At the risk of sounding like a pessimist, which I am not, I must caution you that if one day you wake up and see a newspaper headline that reads something like:

"Cause of MS Determined – Cure to be Made Available by End of Year,”

it almost certainly won't apply to me. So resist the urge to send me congratulatory emails, flower arrangements, or bottles of expensive champagne until you read the story and see if PPMS is even mentioned. On second thought, go ahead and send a bottle of bubbly either way.

*The FDA approved disease modifying treatments for RRMS are nothing to write home about. Most of them involve uncomfortable injections or infusions. All come with a host of nasty side effects ranging from flulike symptoms to risk of death (although rare). All are extremely expensive, on the order of $25,000-$50,000 per year. Their success rate at reducing relapses varies greatly from patient to patient, and they show little long-term efficacy regarding disease progression. Nevertheless, I remain jealous.

**EDSS is a quantitative measurement of disability in MS patients. The scale goes from 0 to 10, where 0 is no disability and 10 is death due to MS. My EDSS is approximately 8.3. Fear not; I have no plans to go any higher than 9.9.
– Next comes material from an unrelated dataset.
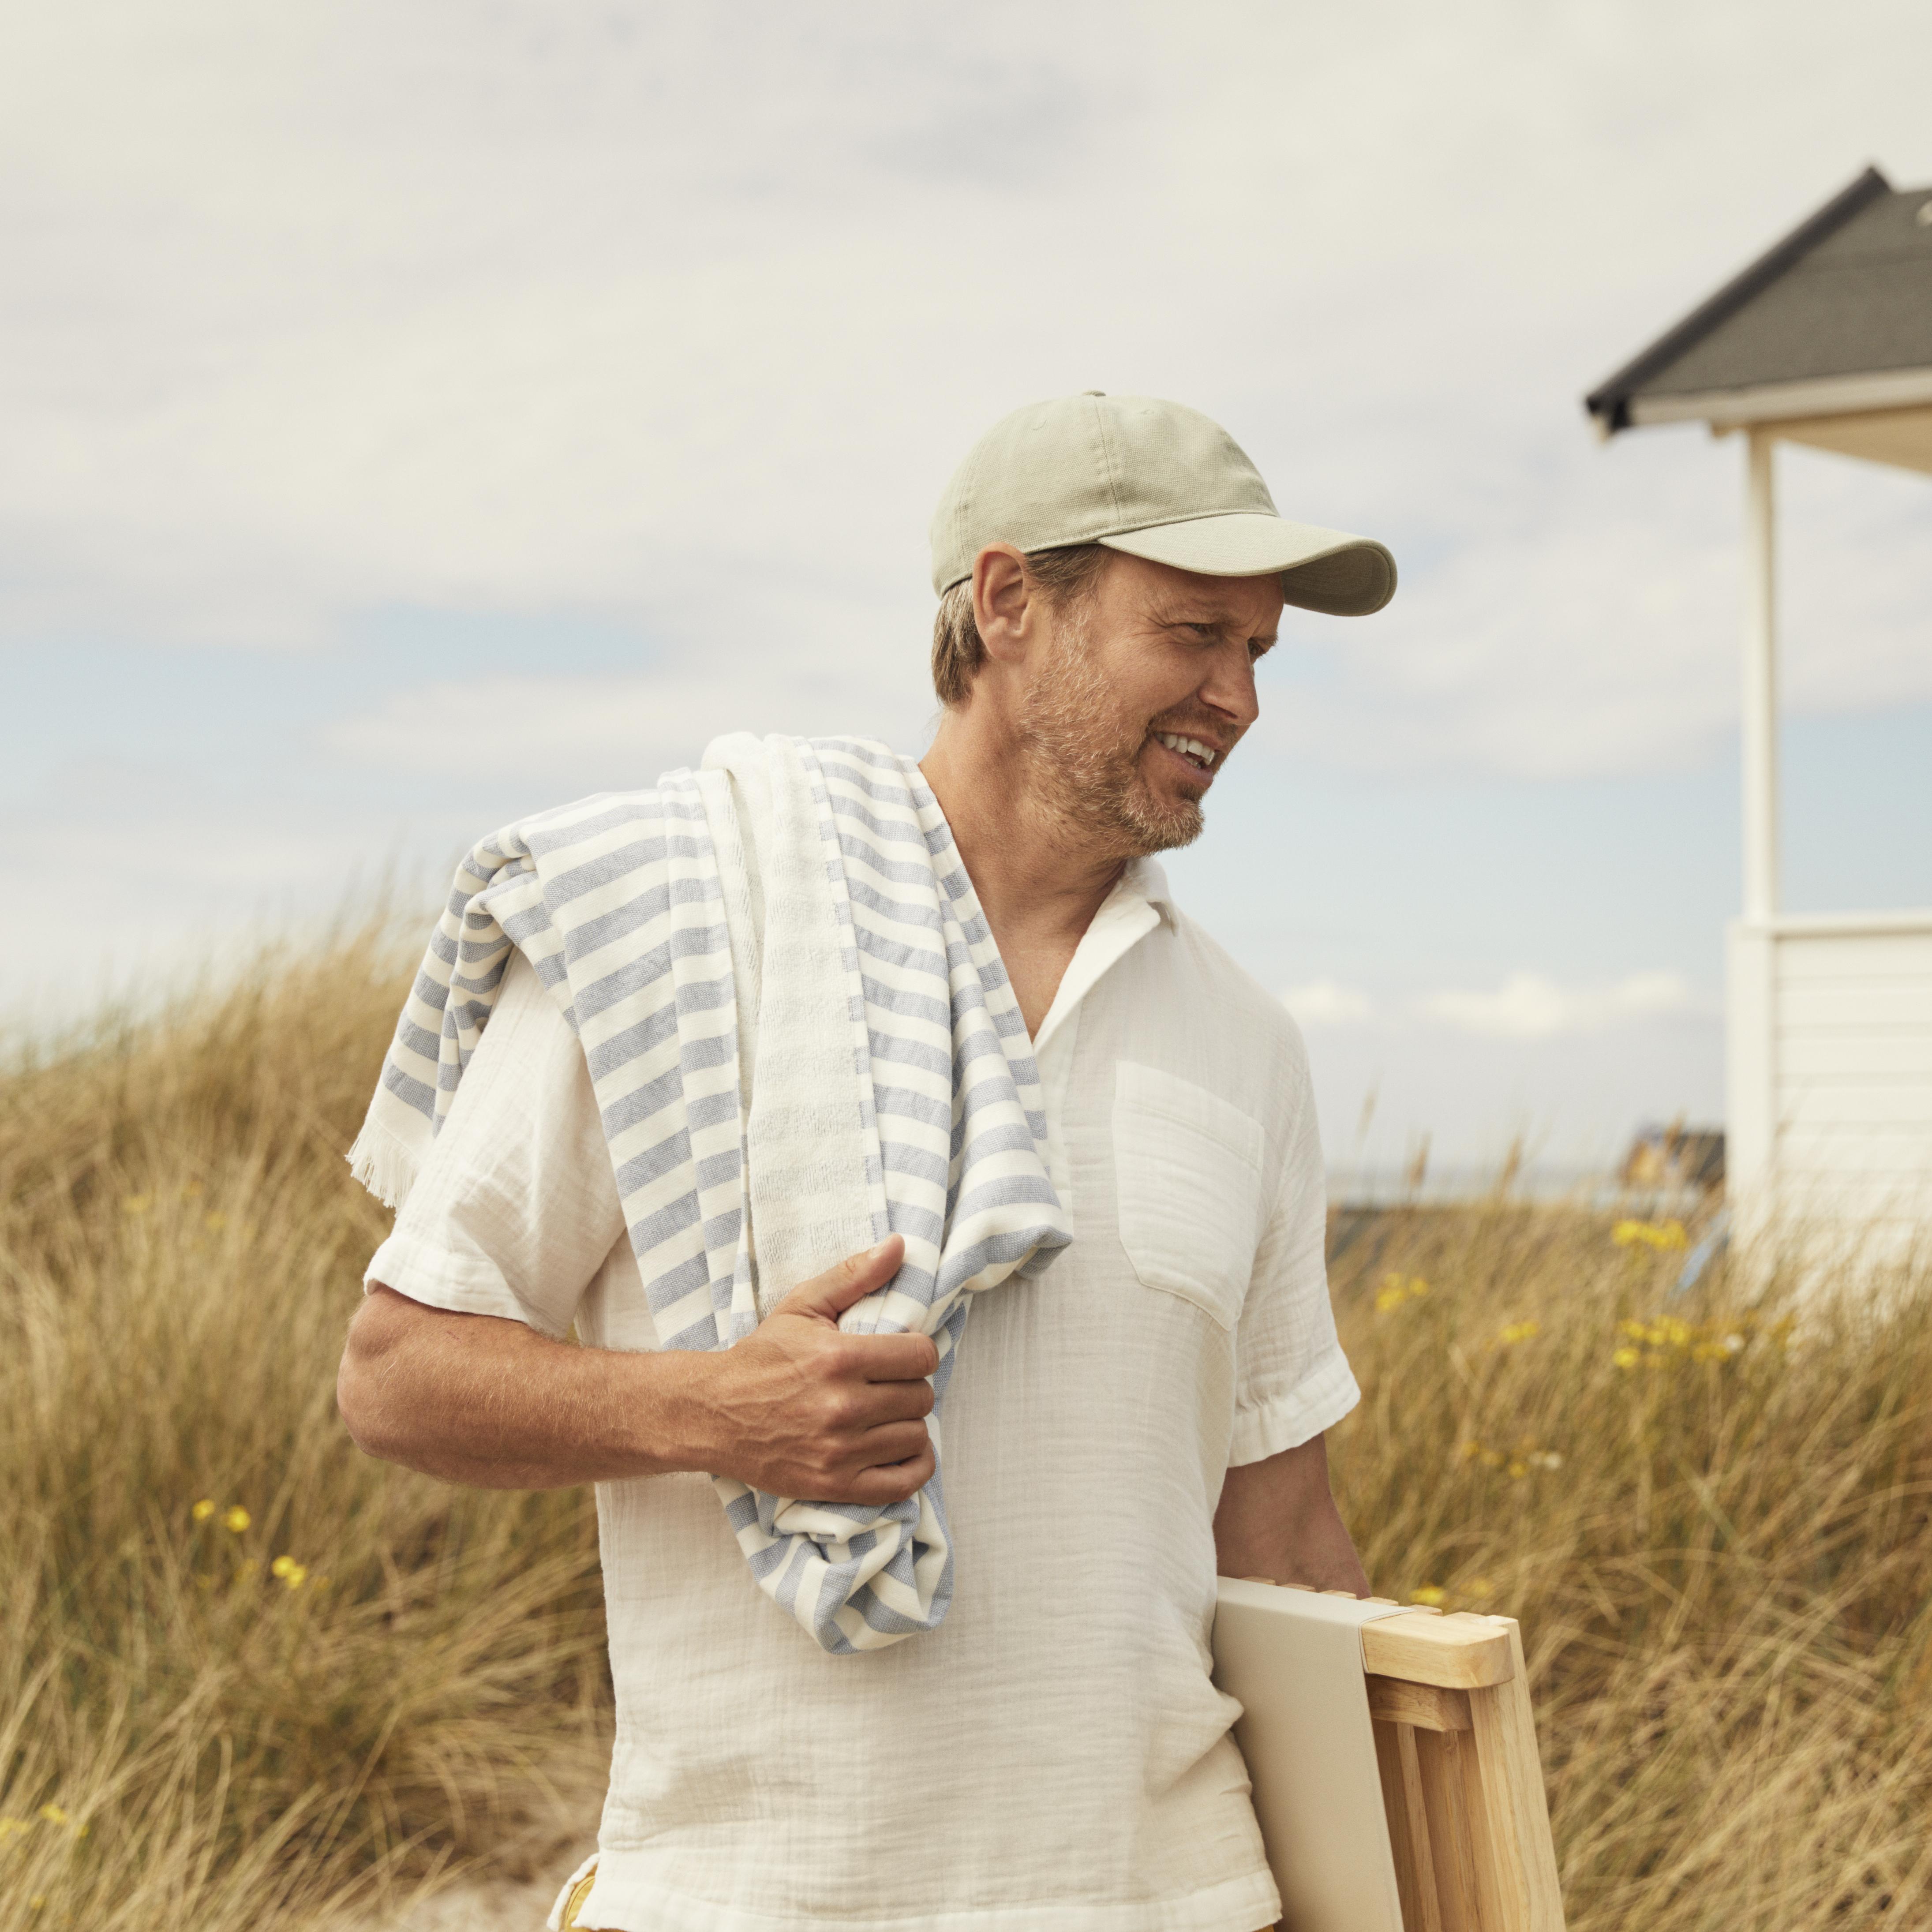 Man på strand i keps. Foto.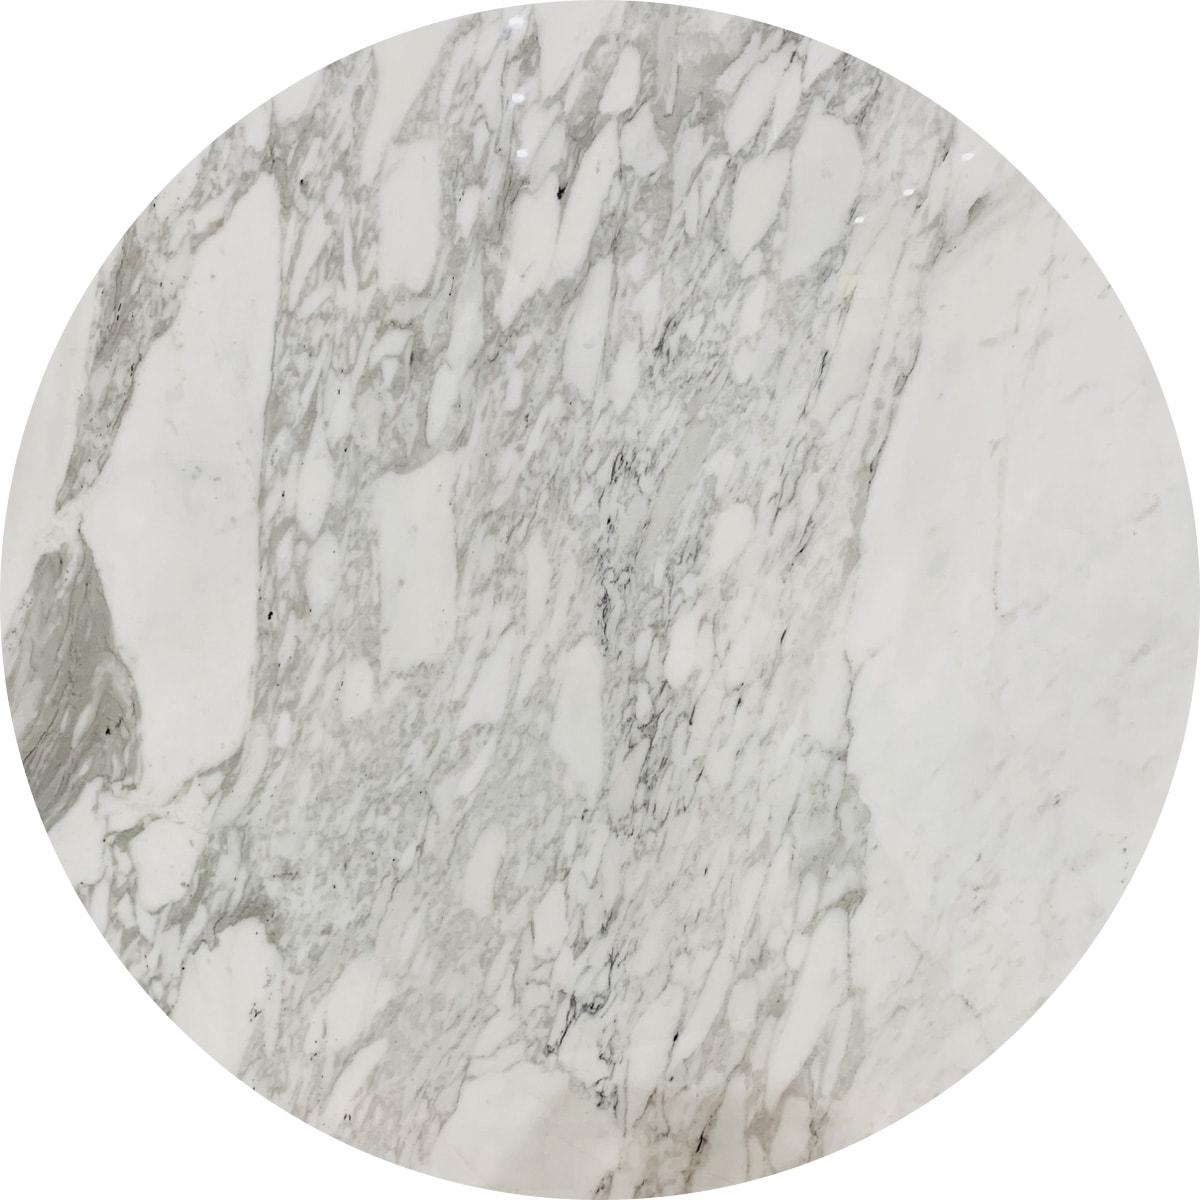 Saarinen Collection Round Tables(サーリネンテーブル)Φ1370mm アラベスカート 164TRMA2 (012)

  1. Mitch, I, too, had high hopes for the CCSVI treatments, but held off doing it without more 'proof.' Now, I'm not even thinking about it. My neurologist never hung a title on me -- I just figured I was RRMS. However, I've never had exacerbations, never relapsed, and never went into remission. I was on 2 different DMDs (Avonex and Copaxone) until I realized they were doing nothing. I really believe I'm PPMS, and as you said, no treatments are available. So, I'm pretty much riding up that proverbial creek behind you, and no oars are in sight!

  2. I was like most others diagnosed with RR, but now it's obvious I've progressed to something else. I watched the video where at the end you show yourself prior to MS, I like the way you refer to it as healthier times. I can think more along those lines. It would fair better for all.

  3. I also have the "rare" form of MS. Progressive,relapsing. Only by searching have I ever read anything on the subject. Though I am now 45 and have had MS since i was a young teenager. Will someone please publish some promissing new breakthru out there for us?!!

  4. Hi Mitch,
    Thanks for this post, I too am pissed off no one seems interested in people with PPMS.
    No treatments, research nothing.
    On the other hands I am glad I am not part of the pharma drug dealers target group.
    And get drugs that seem to do little good except make alot of money and keep people hooked for life.

  5. Thanks for the post. Regarding CCSVI: it is all so obscure and seems that all available data of Liberation treatment outcome has been manipulated in one way or another. Everything depends who you're listening to. Even CCSVI-Tracking couldn't be trusted, see When the official registry of CCSVI-treated will be founded?